Federal Reserve Eases Restrictions Against Bank Dividends

Mar 18, 2011, 11:57

The U.S. Federal Reserve had imposed restrictions on dividends in 2008 to allow banks to increase their capital cushions against an economic downturn. On Friday, the central bank was expected to allow the nation's largest banks to increase dividends to up to 30 percent of expected earnings for 2011, the Times said.

U.S. banks JPMorgan Chase and Wells Fargo announced dividend plans after regulators eased back on these restrictions previously imposed during the financial crisis.

JPMorgan Chase said it would increase dividends 25 cents per share and Wells Fargo said it would pay 7 cents per share in a special payout, The New York Times reported Friday.

"It signals the banking industry is back on its feet.

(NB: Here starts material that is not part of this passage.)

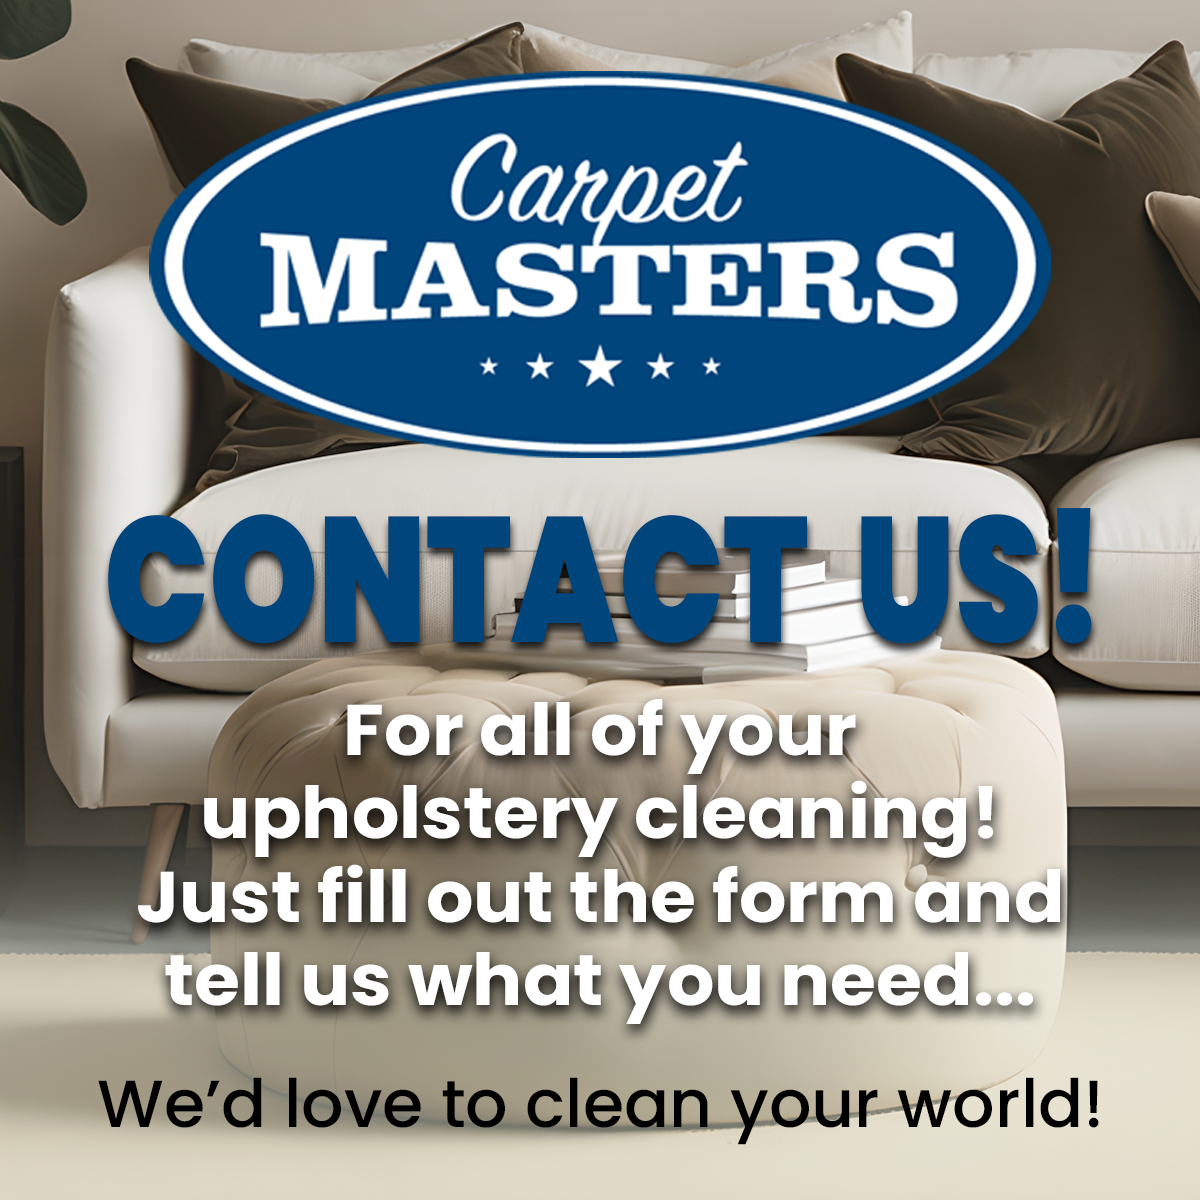 Contact Us for all of your upholstery cleaning! Just tell us what you need...

Once out of the penalty box, we look for the dividend payout ratios and earnings to grow over time," said Jason Goldberg, a banking industry analyst at Barclays Capital.

U.S. banks earned $87.5 billion in 2010 but dividends paid to shareholders fell to $19 billion from $51 billion in 2007.

Many banks are expected to gradually increase dividend payments over several quarters.

"The return of capital to shareholders under appropriate conditions is a step in the process of improvement in the financial sector and will help to promote banks' long-term access to capital," the Fed said in a statement.

"Such access will support lending to consumers and businesses."